“Figuring out the proper place for technology in our particular family and stage of life requires discernment rather than a simple formula. Even the ten commitments in this book are meant to be starting points for discussion– and as you will read, they are ones my own family has kept fitfully at best.
But almost anything is better than letting technology overwhelm us with its default settings, taking over our lives and stunting our growth in the ways that really matter. And I think there are some things that are true at every stage of life:
Technology is in its proper place when it helps us bond with the real people we have been given to love. It’s out of its proper place when we end up bonding with people at a distance, like celebrities, whom we will never meet.
Technology is in its proper place when it starts great conversations.

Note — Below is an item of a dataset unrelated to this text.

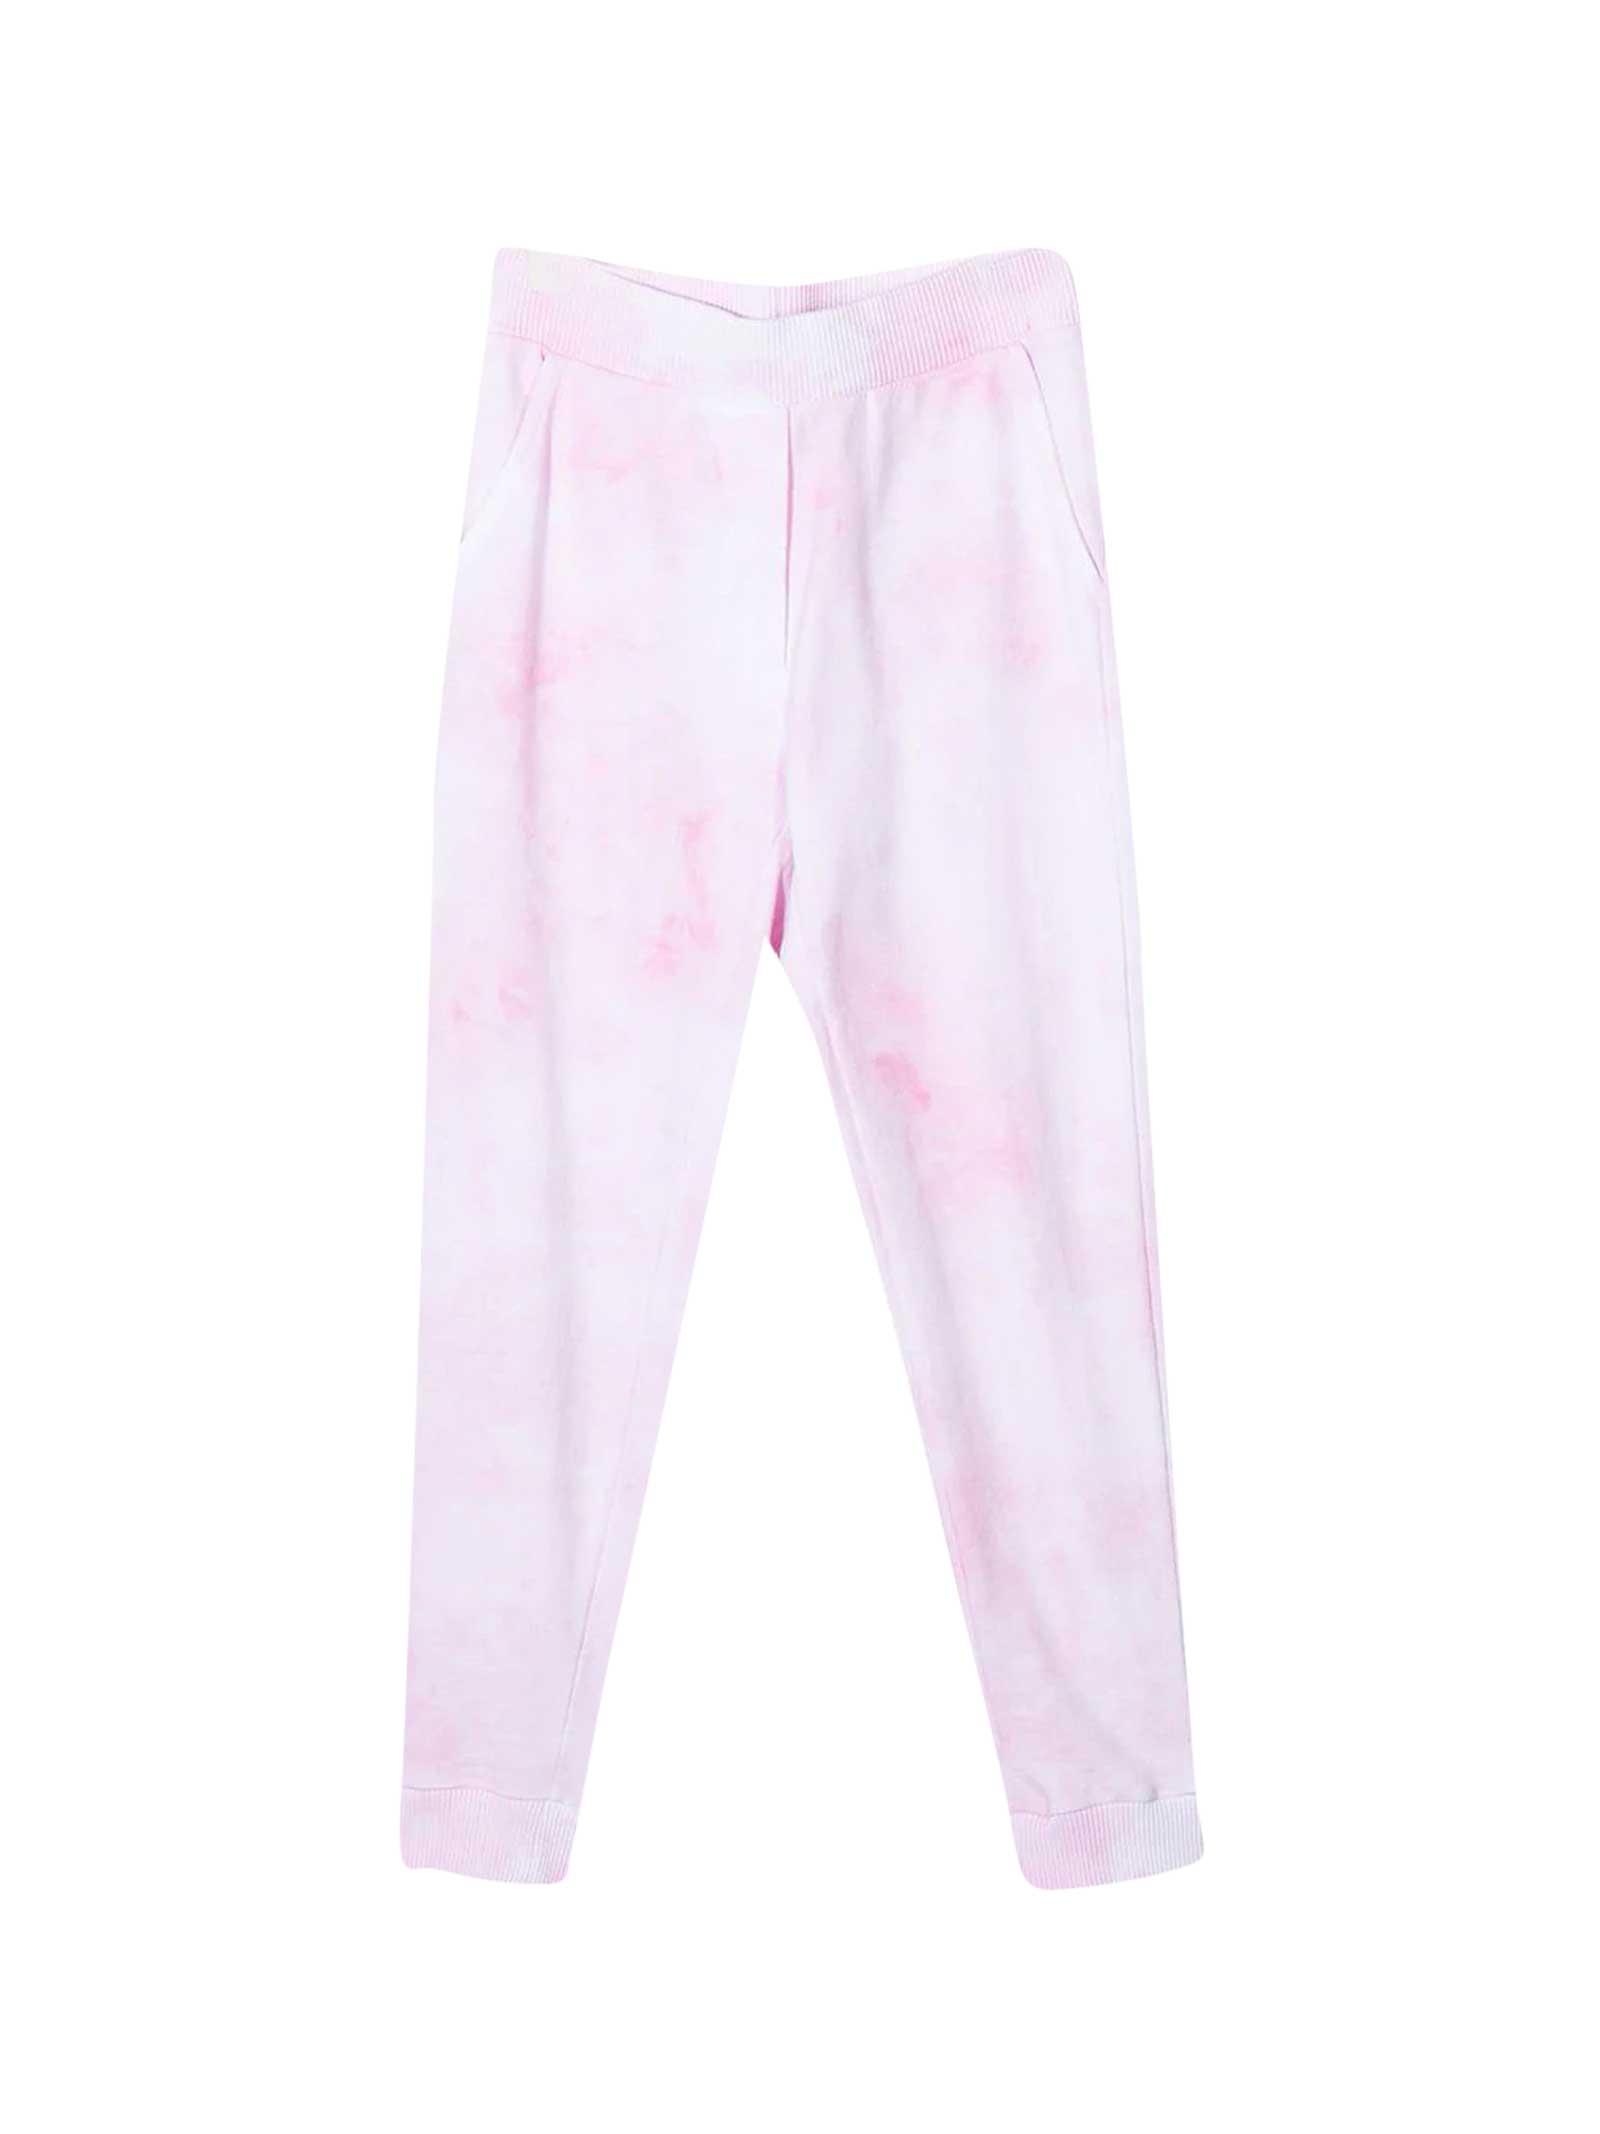 Pantaloni Sportivi Con Fantasia Tie Dye

It’s out of its proper place when it prevents us from talking with and listening to one another.
Technology is in its proper place when it helps us take care of the fragile bodies we inhabit. It’s out of its proper place when it promises to help us escape the limits and vulnerabilities of those bodies altogether.
Technology is in its proper place when it helps us acquire skill and mastery of domains that are the glory of human culture (sports, music, the arts, cooking, writing, accounting; the list could go on and on). When we let technology replace the development of skill with passive consumption, something has gone wrong.

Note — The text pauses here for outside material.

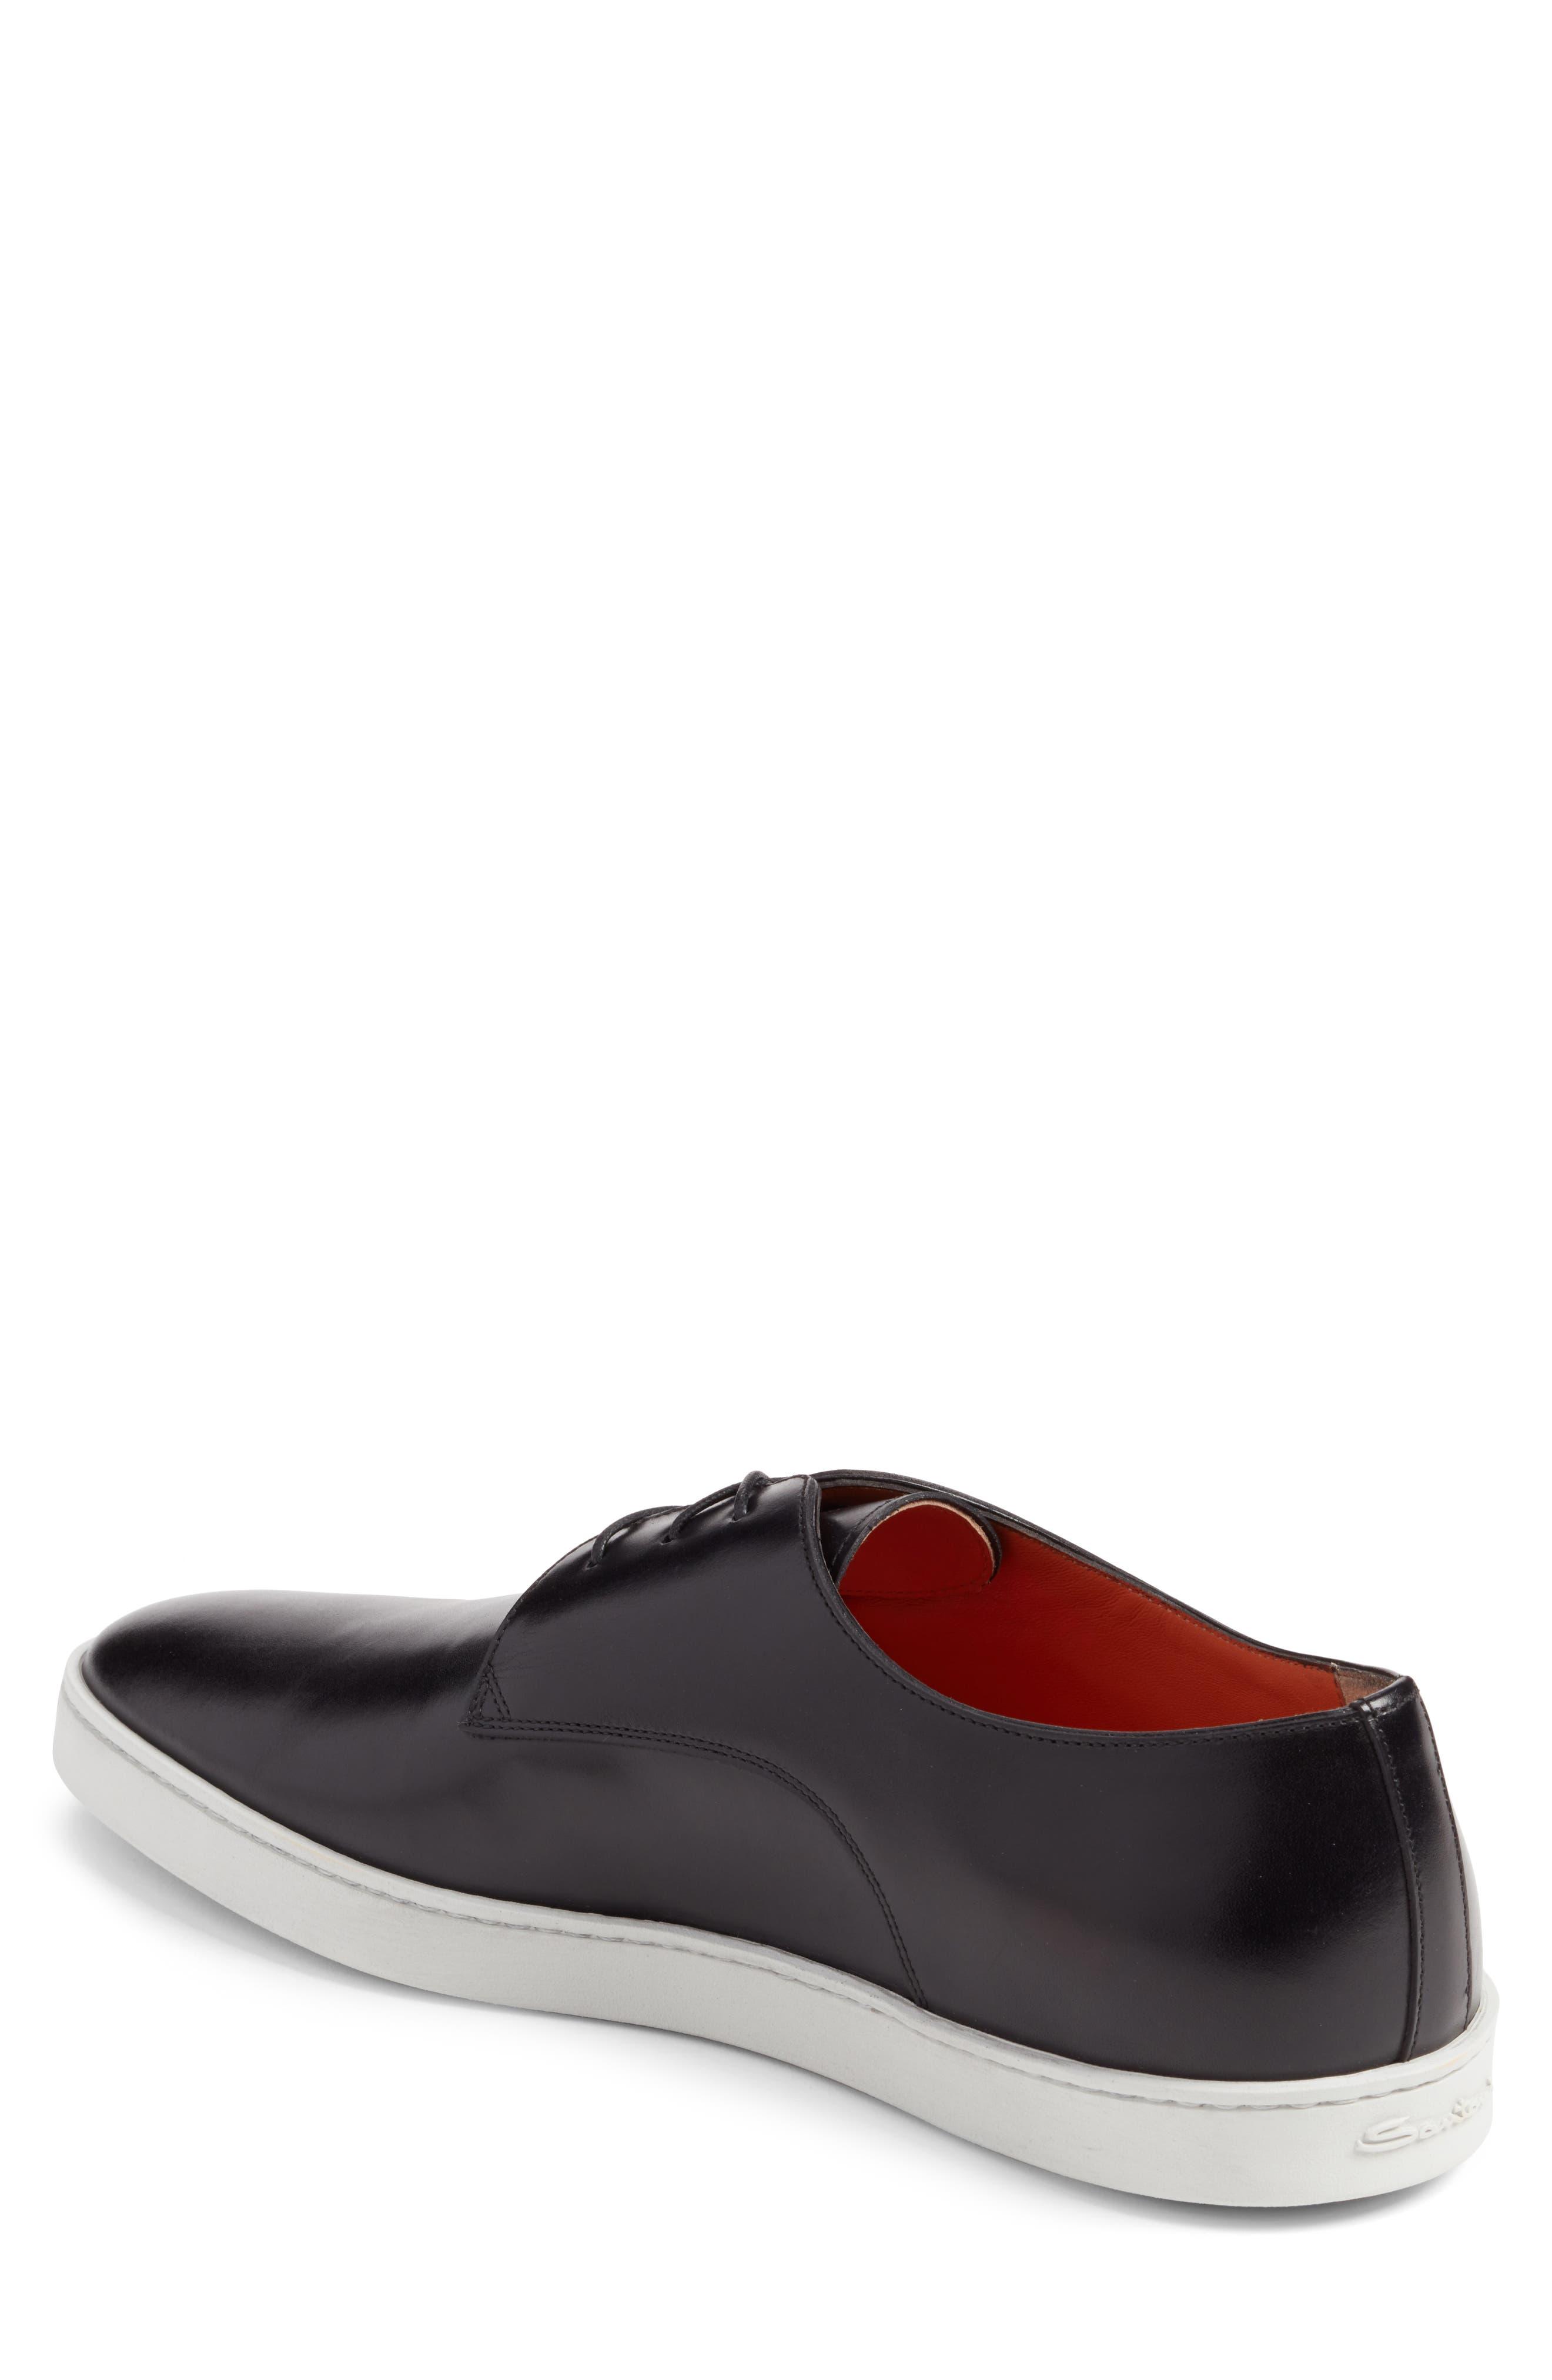 Doyle Sneaker,                             Alternate thumbnail 2, color,                             BLACK LEATHER

Technology is in its proper place when it helps us cultivate awe for the created world we are part of and responsible for stewarding (our family spent some joyful and awefilled hours when our children were ill middle school watching the beautifully produced BBC series Planet Earth). It’s out of its proper place when it keeps us from engaging the wild and wonderful natural world with all our senses.
Technology is in its proper place only when we use it with intention and care. If there’s one thing I’ve discovered about technology, it’s that it doesn’t stay in its proper place on its own; much like my children’s toys and stuffed creatures and minor treasures, it finds its way underfoot all over the house and all over our lives. If we aren’t intentional and careful, we’ll end up with a quite extraordinary mess.”
–Andy Crouch, The Tech-Wise Family (Grand Rapids, MI: Baker Books, 2017), 19-21.